Task details:
Beginning with the line that holds "KLON ACTIVE HANG LINE SHOULDER BAG" and ending with the last line below, please copy every line exactly, add nothing, and leave out the pictures.

Data below:
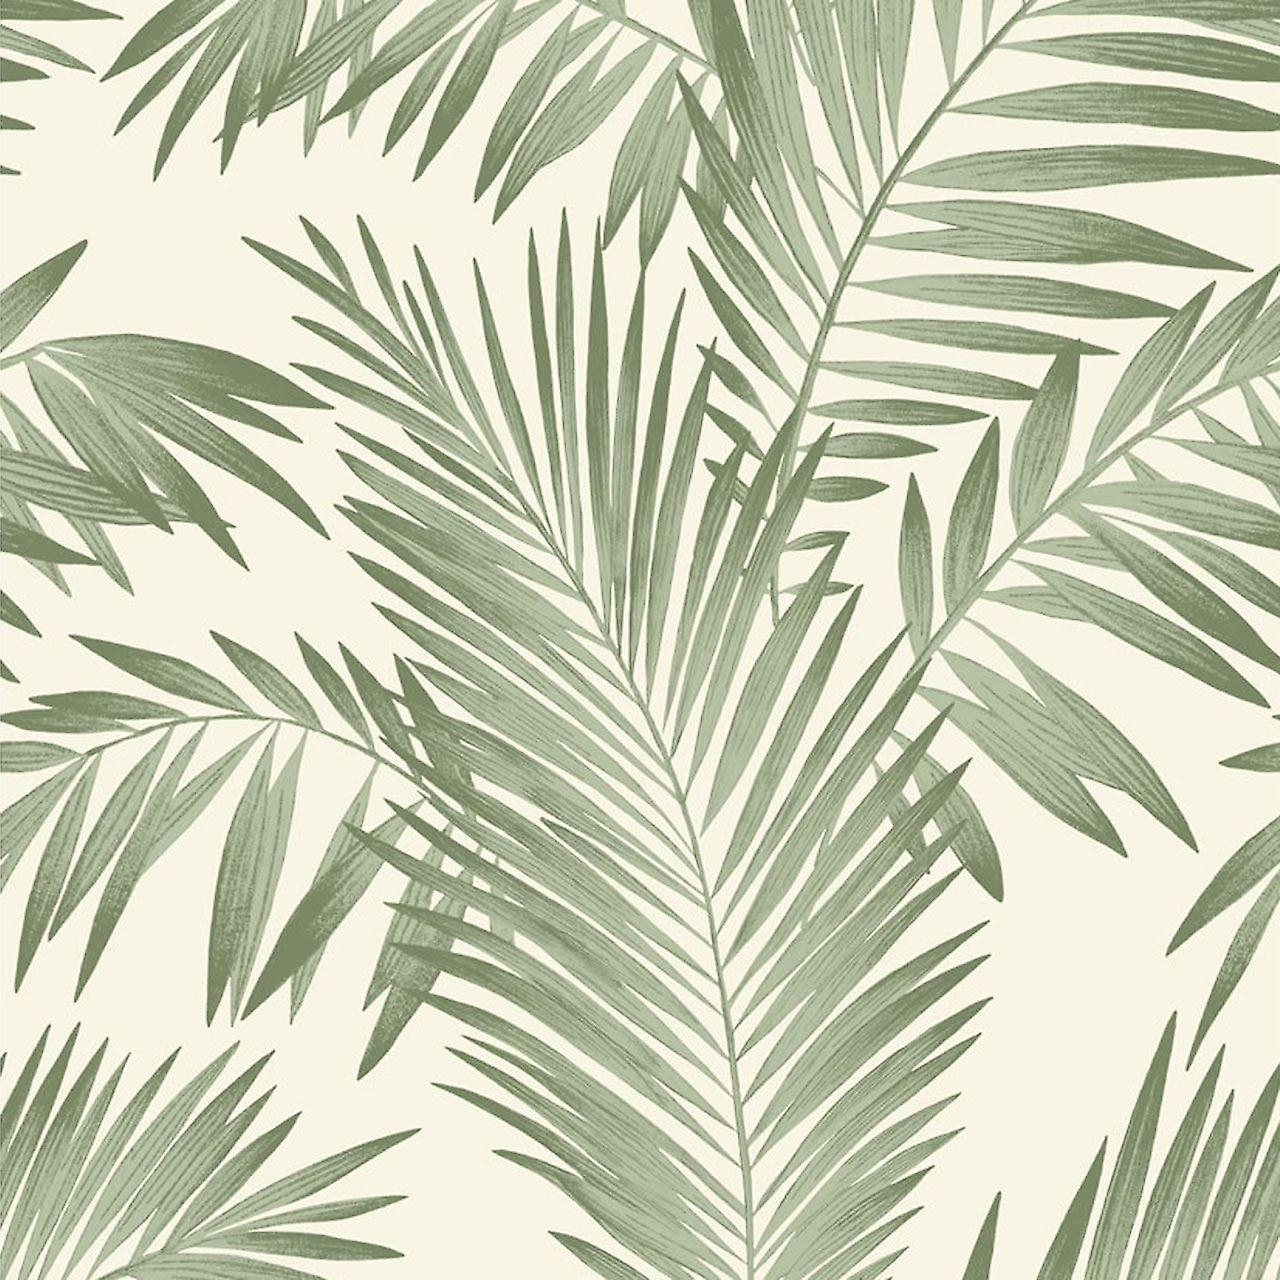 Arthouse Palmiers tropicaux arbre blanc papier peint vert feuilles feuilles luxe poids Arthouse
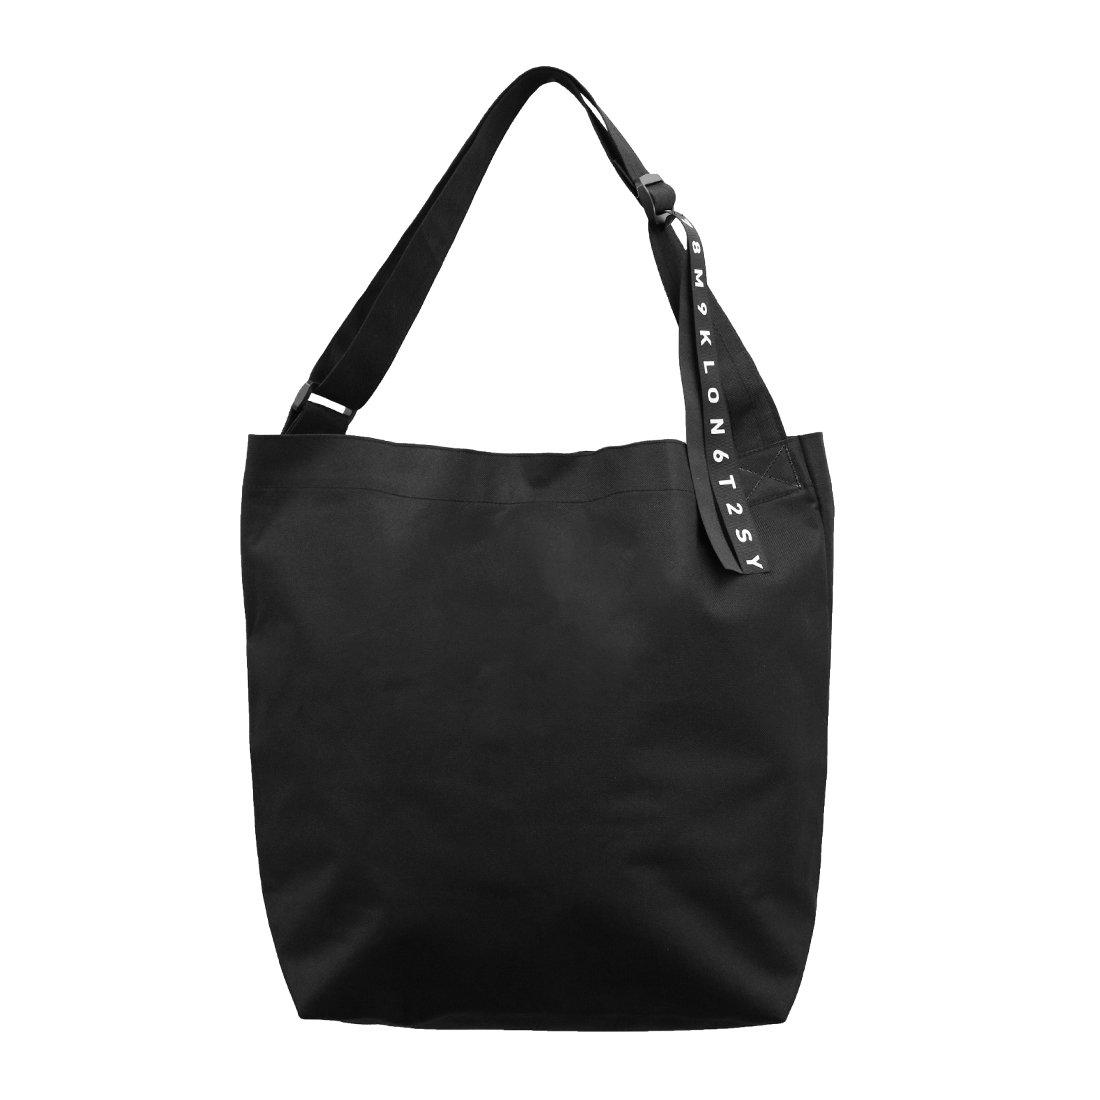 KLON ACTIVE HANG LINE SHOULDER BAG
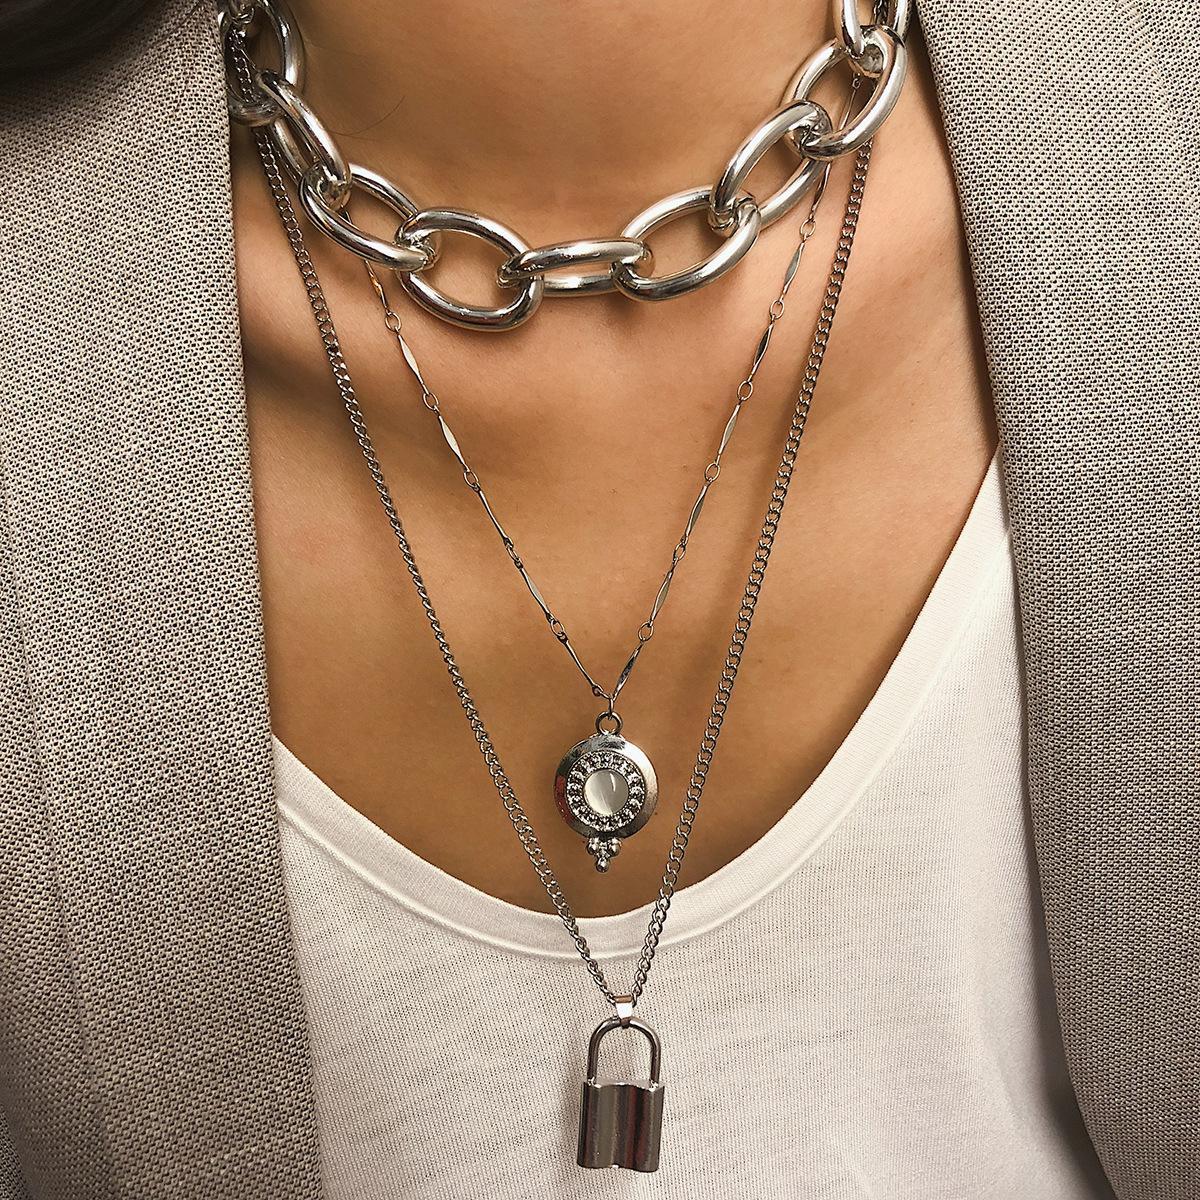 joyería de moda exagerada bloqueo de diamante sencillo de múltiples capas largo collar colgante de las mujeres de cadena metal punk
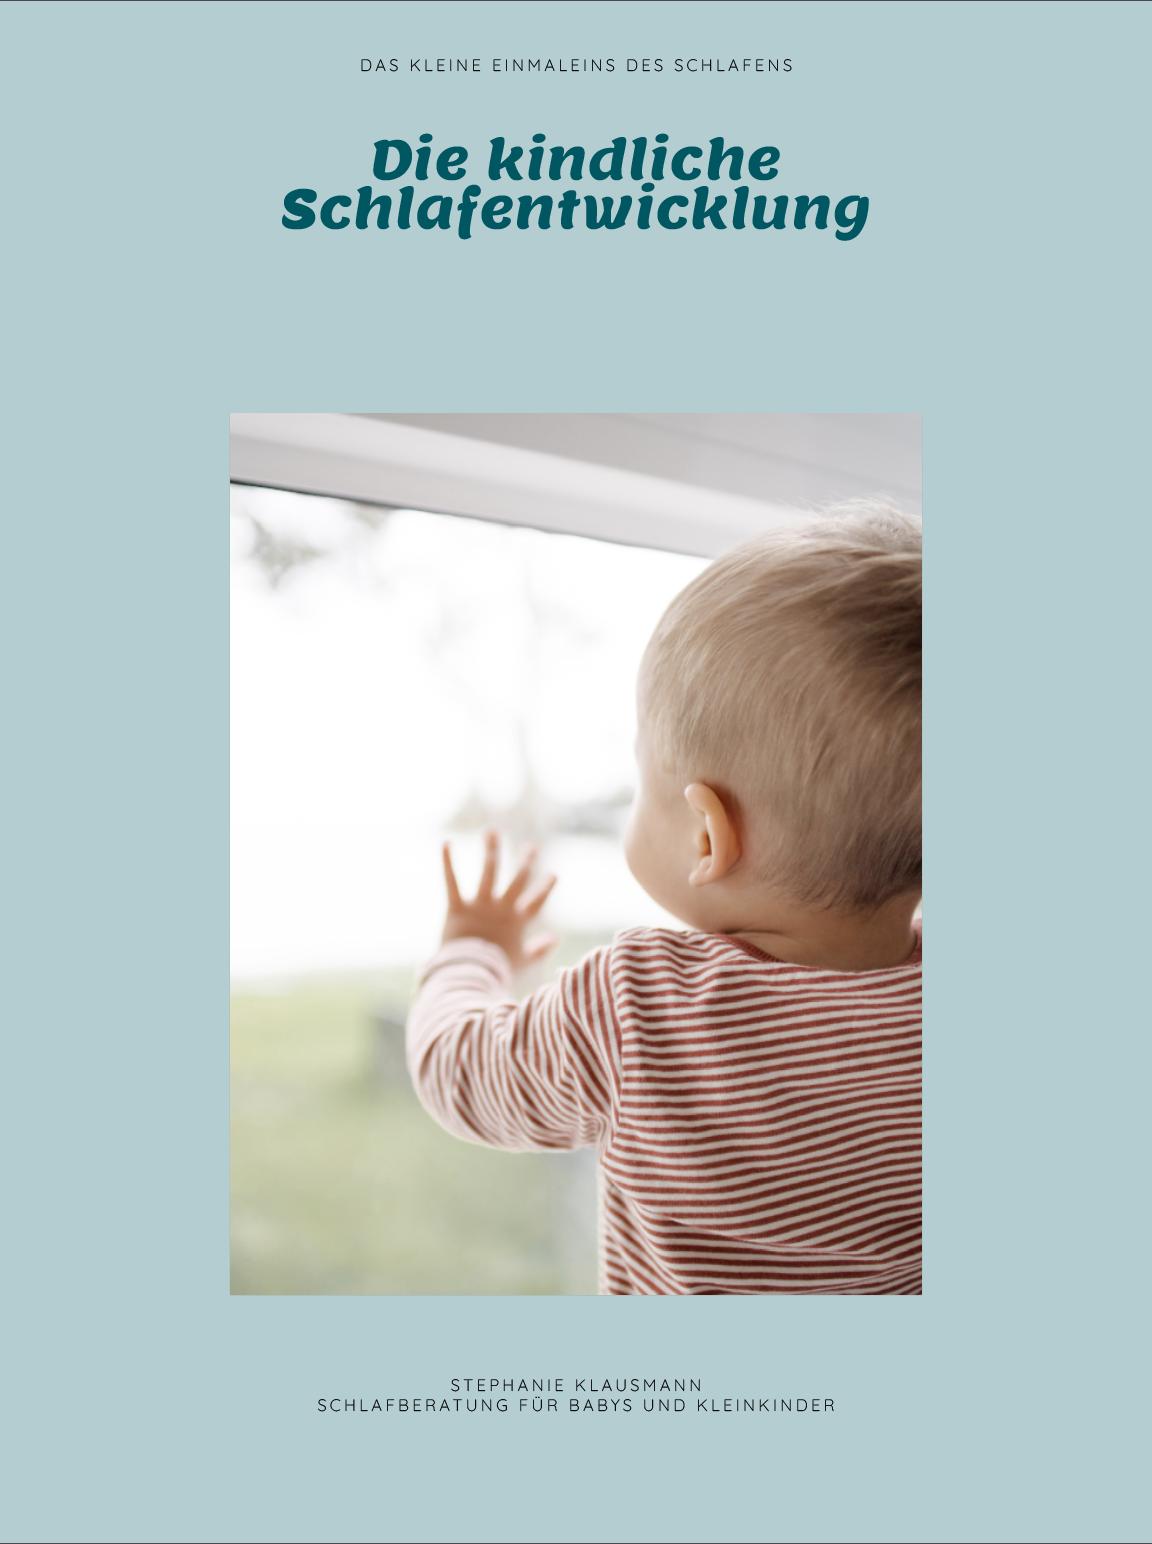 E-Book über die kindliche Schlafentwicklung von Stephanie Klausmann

Response to this task:
 KLON ACTIVE HANG LINE SHOULDER BAG
 joyería de moda exagerada bloqueo de diamante sencillo de múltiples capas largo collar colgante de las mujeres de cadena metal punk
 E-Book über die kindliche Schlafentwicklung von Stephanie Klausmann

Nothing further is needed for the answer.